Phenotyping

Disease phenotypes in UK Biobank were defined using a combination of self-reported questionnaire data (confirmed by a trained healthcare professional) and linked hospital-admission and death registry data. Detailed definitions for all disease phenotypes are provided in Supplemental Table S1.

We defined “all-cause” HF as the presence of self-reported “HF/pulmonary edema” or “cardiomyopathy” at any visit; or an International Classification of Diseases (ICD)-10 or ICD-9 billing code indicative of heart/ventricular failure or a cardiomyopathy of any cause. Of note, individuals with a diagnosis of hypertrophic cardiomyopathy – as ascertained by self-report or by pertinent ICD-10 codes – were excluded from the HF and NICM phenotypes even if they met the above criteria due to the substantial Mendelian inheritance pattern of hypertrophic cardiomyopathy.

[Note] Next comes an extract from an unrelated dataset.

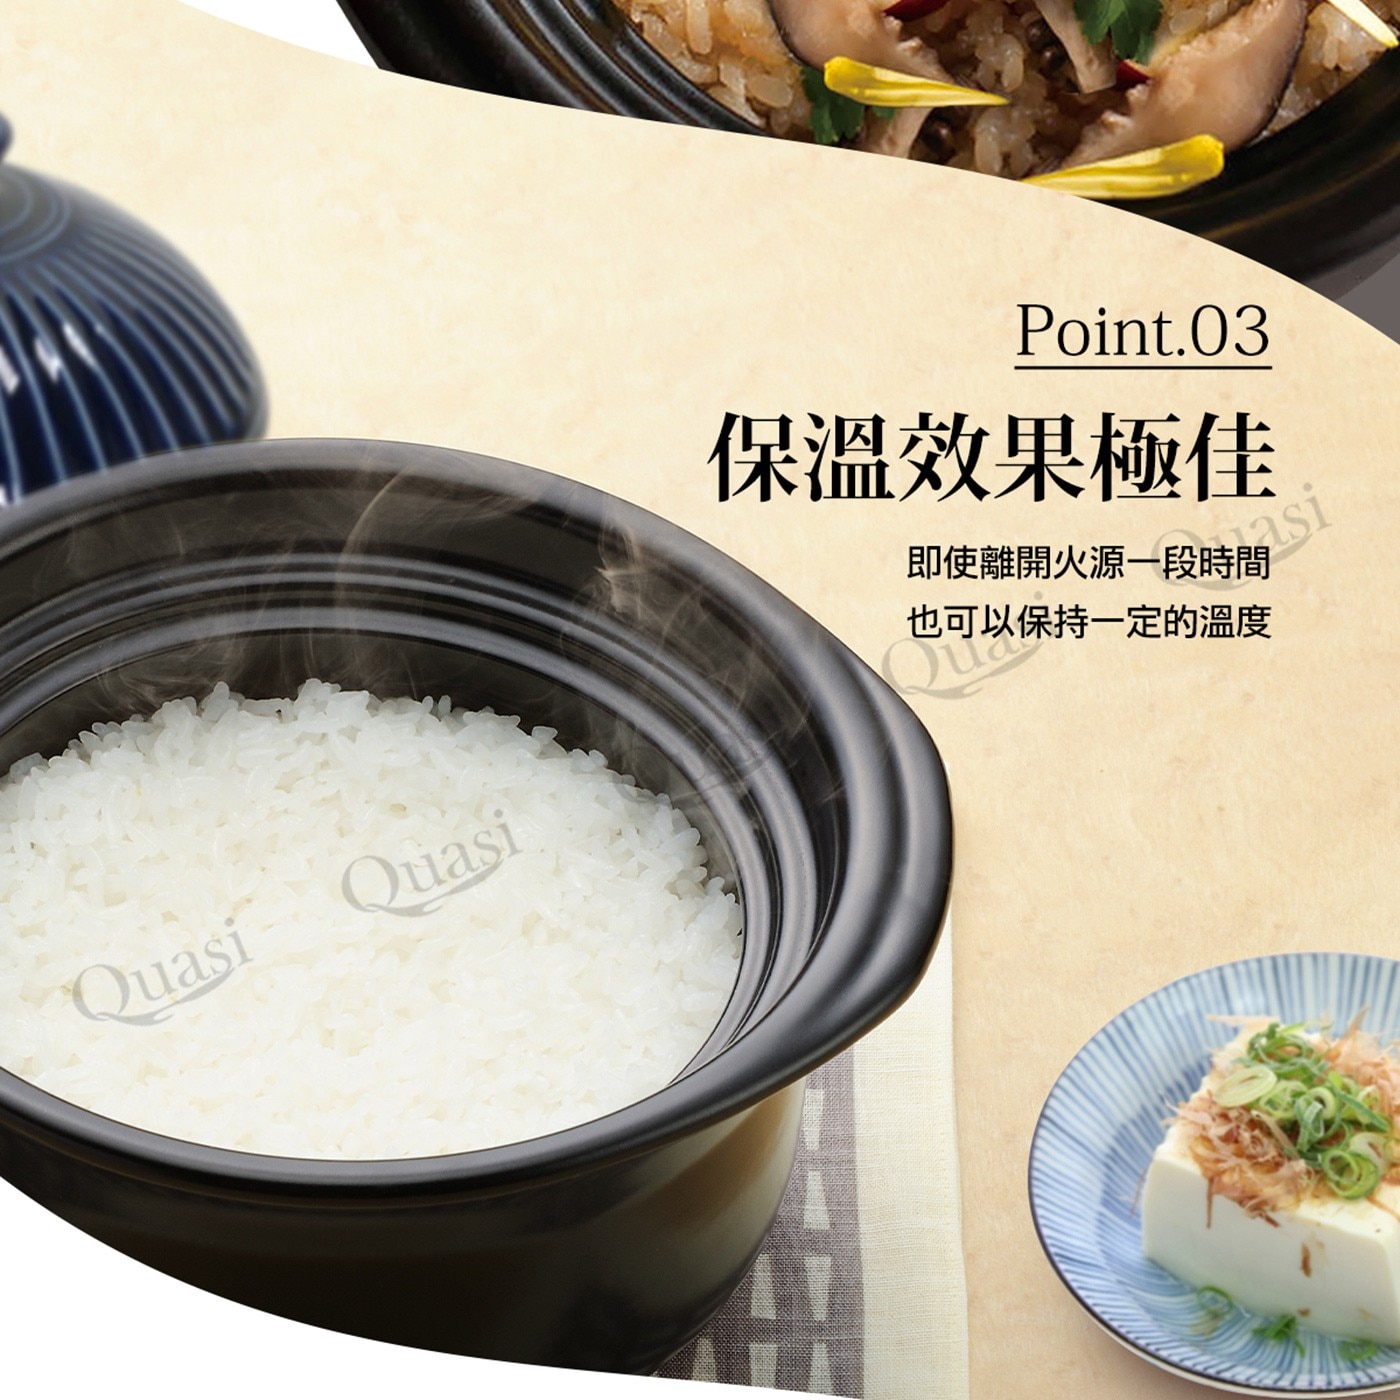 Ginpo日本製Kikka菊花炊飯鍋5合，菊花瓣紋路加鮮黃亮眼上蓋，雙蓋設計，傳熱快、蓄熱佳、節能優，各式炊飯、燉煮料理，簡單一鍋調理一桌美味。

Among all-cause HF patients, we defined “nonischemic cardiomyopathy” (NICM) on the basis of left ventricular dysfunction and absence of coronary artery disease (CAD). A priori, individuals were considered to have “left ventricular dysfunction” if they carried ICD-10 diagnoses of “dilated cardiomyopathy” or “left ventricular failure,” or an ICD-9 diagnosis of “left heart failure.” Indicators for CAD included myocardial infarction or coronary revascularization, as described previously.¹⁰ Myocardial infarction was defined as a self-report of “heart attack” or an ICD-10 code of acute myocardial infarction. Coronary revascularization was defined as the presence of an operative or procedure code for coronary artery bypass surgery or coronary angioplasty (Supplemental Table S1).